The plan was "to localize the management in China as soon as possible," says Li Yuanming, principal of the university's Asia-Pacific Leadership and Management Institute.

Before 1994, management was "all from overseas", he says.

"So the employment cost was too high and they could not know the China market better than local people," says Li.

The corporate university offers programs for different levels of management at what it terms academies, ranging from emerging to developing and finally advanced leadership training.

Before courses began, Motorola did extensive research and analysis to determine what techniques and skills the three levels require.

Motorola University has since trained several thousand local managers, which now account for "84 percent of our management in Motorola China", Li says.

The programs continue to evolve. "Our research and development (R&D) people update courses in line with our changing strategy," he adds.

The company makes significant investment to update its training services, says Yan, who declines to release exact spending figures, noting only that "R&D capability in training is the key to keeping a corporate university alive".

By 1998, Motorola found it difficult to maintain its top position in China as more mobile phone makers arrived with innovative products and marketing initiatives.

To help meet the rising challenge, the university started its "fulfillment distribution program" in 2005 that aims to help Motorola gain competitiveness by keeping operating costs at a minimum, says Li.

Motorola joins selected partners in major cities that are responsible for distributing its products using what it calls "promoters" - sales agents - in secondary and third-tier cities, instead of relying on direct sales agents as it did before 2005.

"The new solution helps us spend much less on logistics and increase efficiency. What we now do is train promoters in how they can increase sales," says Li.

Several thousand promoters have since been trained at the university.

Six sigma

Motorola developed the noted "six sigma" methodology in 1986, a paradigm the company uses for finding defects and improving quality.

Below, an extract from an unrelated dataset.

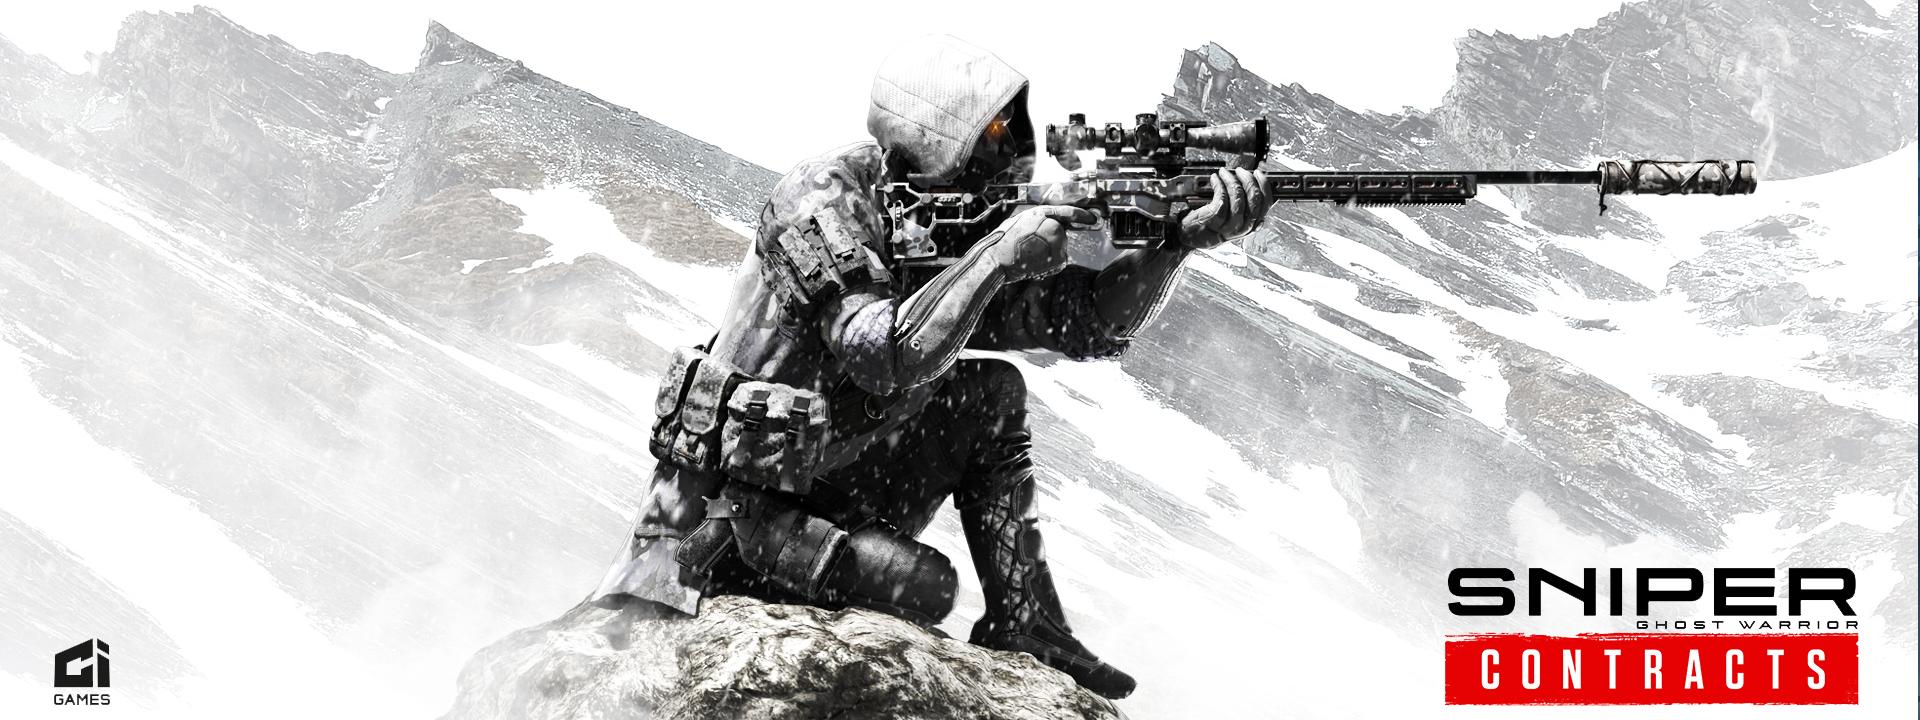 Sniper Ghost Warrior Contracts je krokem správným směrem

The tool has been taught, refined and used for more than 18 years in the company's training programs and processes, including in R&D, manufacturing, employment, service and marketing.

"It has helped save more than $17 billion (from 1986 to 2004) within our own organization," says Yan.

"We can get a return of $84 on each dollar we spend" on training in the method, she notes.

Other companies that use the six sigma method include Dupont, Federal Express, General Motors, IBM, Johnson & Johnson, Kodak, NBC and Polaroid.

The university also began reaching out beyond its own workers in 2002 to its suppliers and partners with six sigma-related training programs.

"The training programs for our suppliers or sales agents can help them grow stronger together with Motorola in either quality or in marketing, enhancing our brand image and sales revenue," says Yan.

As director of Motorola University Asia operations since 2006, Yan well knows the challenges a corporate university faces in China when communicating the latest company developments to suppliers and clients.

"China's telecommunications industry is one of the most dynamically evolving sectors. So whatever players are in the industry are very smart and learning fast," she says.

"They are working strenuously to gain a better position. This makes it more challenging for us to communicate with our partners in the sector or even educate them," she says.

"To win their trust, we must learn harder and faster to get the knowledge of what is happening around the market out to them, and we have to continuously sharpen our advantages in training programs."